- _To do_
Output the listing word for word, minus images.

- _Given information_
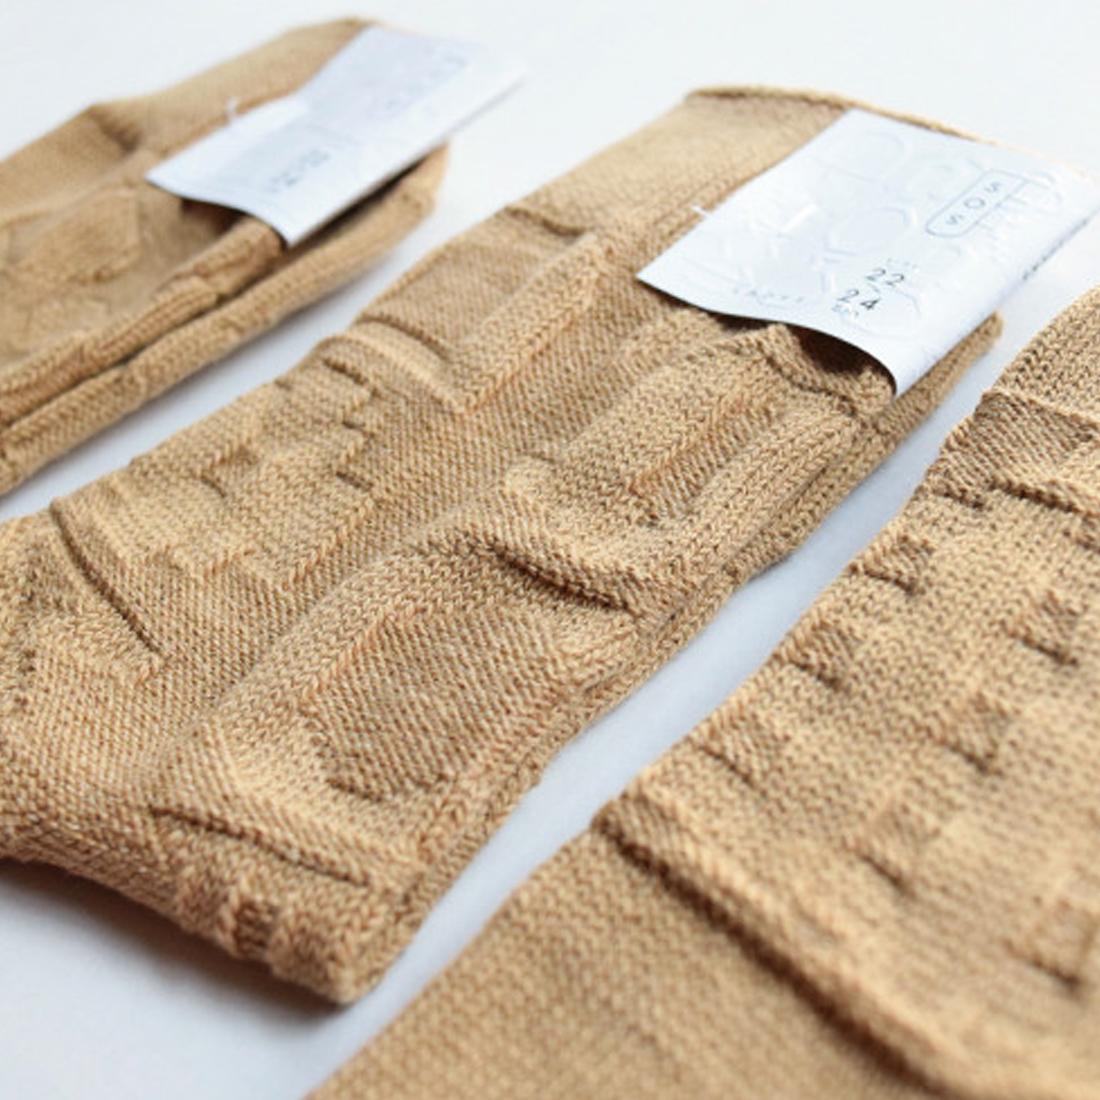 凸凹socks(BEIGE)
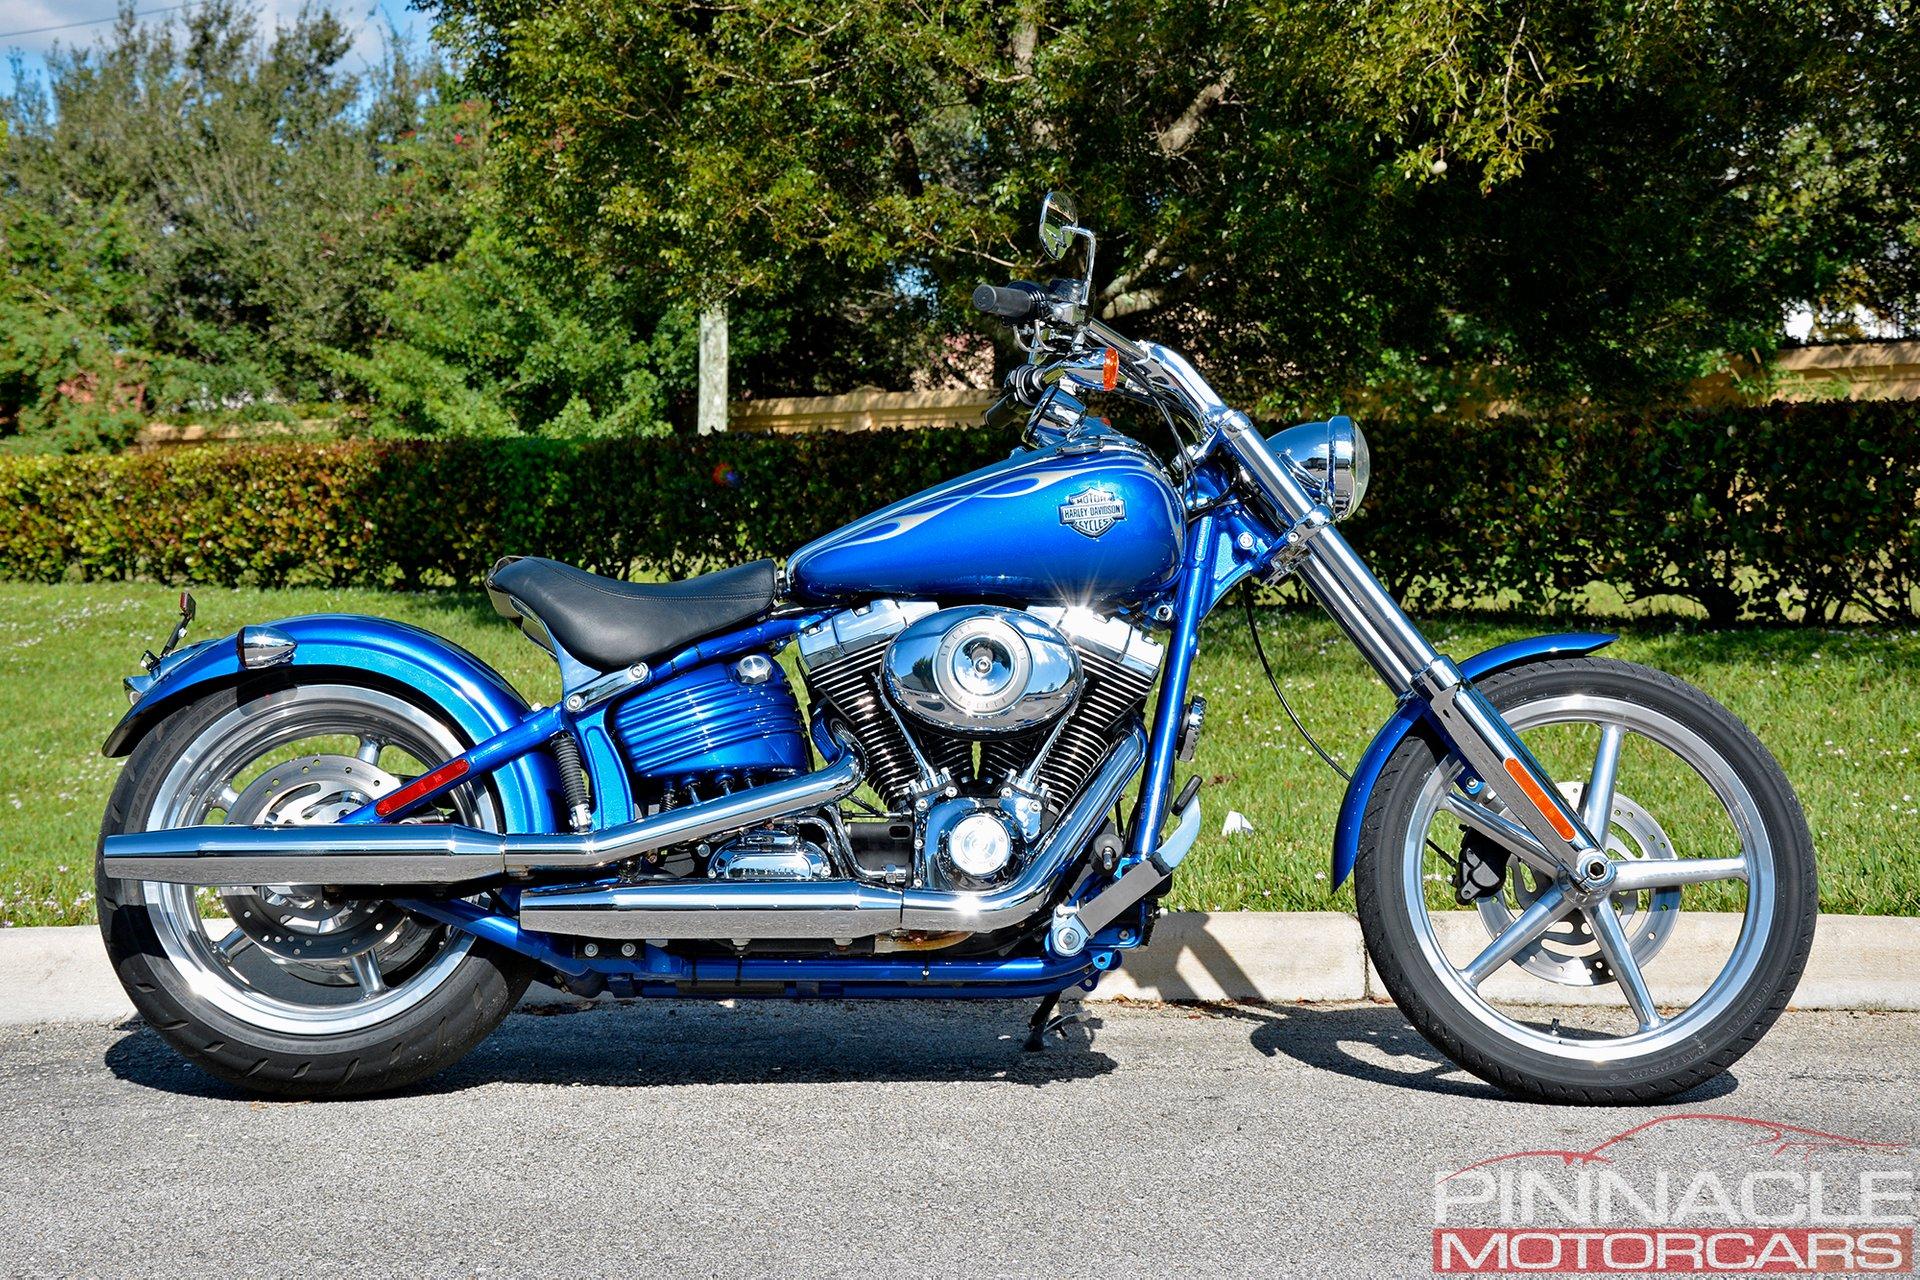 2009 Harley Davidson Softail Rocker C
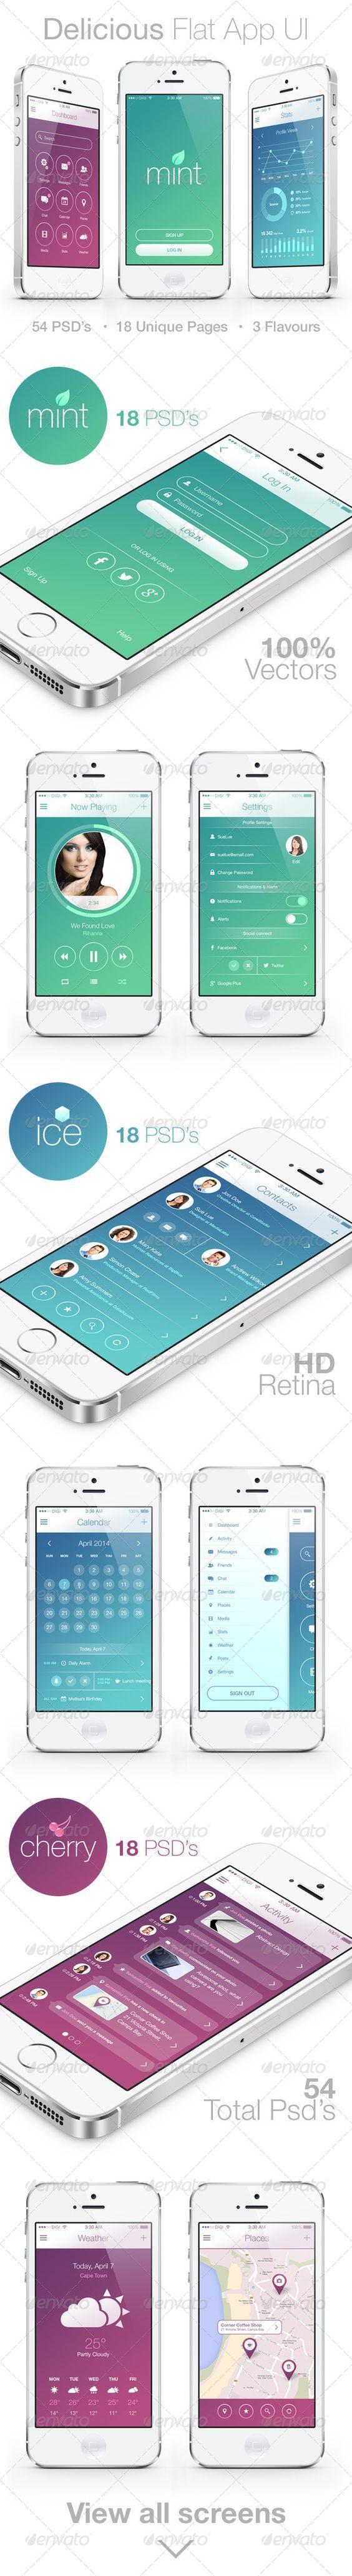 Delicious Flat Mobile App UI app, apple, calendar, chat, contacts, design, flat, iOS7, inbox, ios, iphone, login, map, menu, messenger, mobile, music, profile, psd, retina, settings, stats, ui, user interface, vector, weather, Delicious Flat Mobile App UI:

- _Answer to the problem_
 凸凹socks(BEIGE)
 2009 Harley Davidson Softail Rocker C
 Delicious Flat Mobile App UI app, apple, calendar, chat, contacts, design, flat, iOS7, inbox, ios, iphone, login, map, menu, messenger, mobile, music, profile, psd, retina, settings, stats, ui, user interface, vector, weather, Delicious Flat Mobile App UI:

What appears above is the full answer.